There's also a dog-themed place in Gina Wickwar's Toto of Oz, although here it's the punitive Dog Pound. This place, ruled by humans named Rex and Queenie with help from the dog catcher Ketchum, kept all the dogs they could catch as prisoners. The rule was that a human could pay a fine to release a dog, but hardly anybody knew where Dog Pound was or could afford the fines. Sonny Burns was able to use the money generated by the Gladstone the Guinea Pig to release all of the dogs, but perhaps the fact that so many of them had been captured was why Baum thought dogs were so rare in Oz.
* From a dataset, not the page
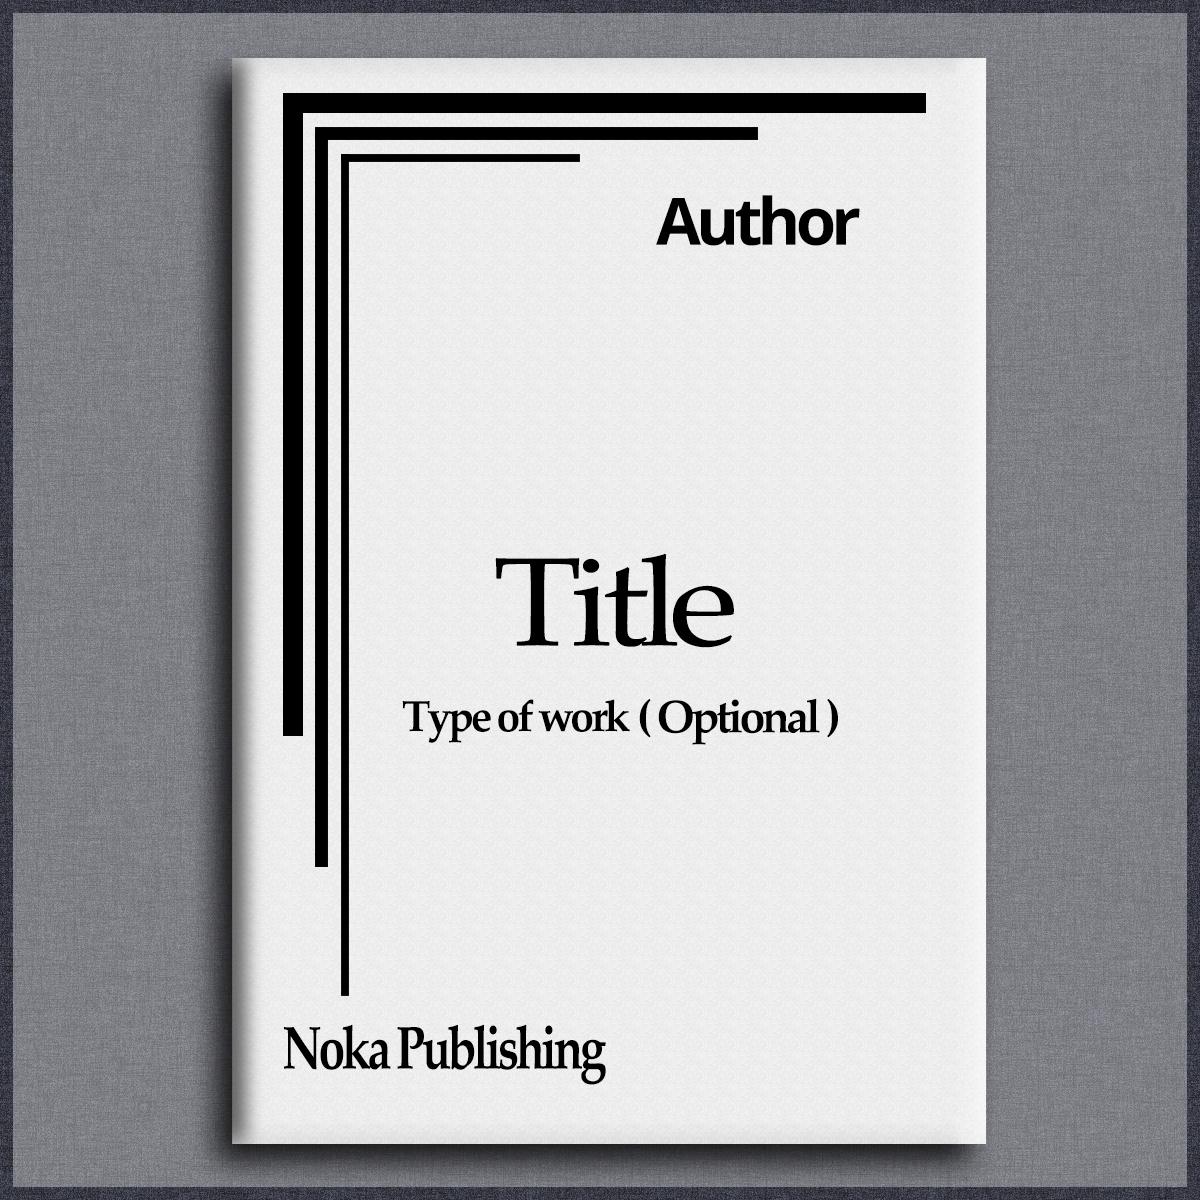 Book Cover Design Black : Conservative serious non profit book cover design for a

Finally, a community of dogs plays a role in Richard Capwell's Red Gorilla, and another one is mentioned in Ron Baxley Jr.'s Talking City.

3 comments:

  1. What about Arfrica from Dulabone's TOTO IN OZ?

    ReplyDelete
  2. Not to mention View Halloo from Merry Go Round in Oz by the McGraws and the dogs in Halidom and Troth.

    ReplyDelete
  3. Yeah, this post wasn't intended to be a comprehensive list, but I probably should have mentioned those places, as they have a lot of dogs. Actually, I don't remember Arfrica actually having any native dogs, despite the canine theme to the place.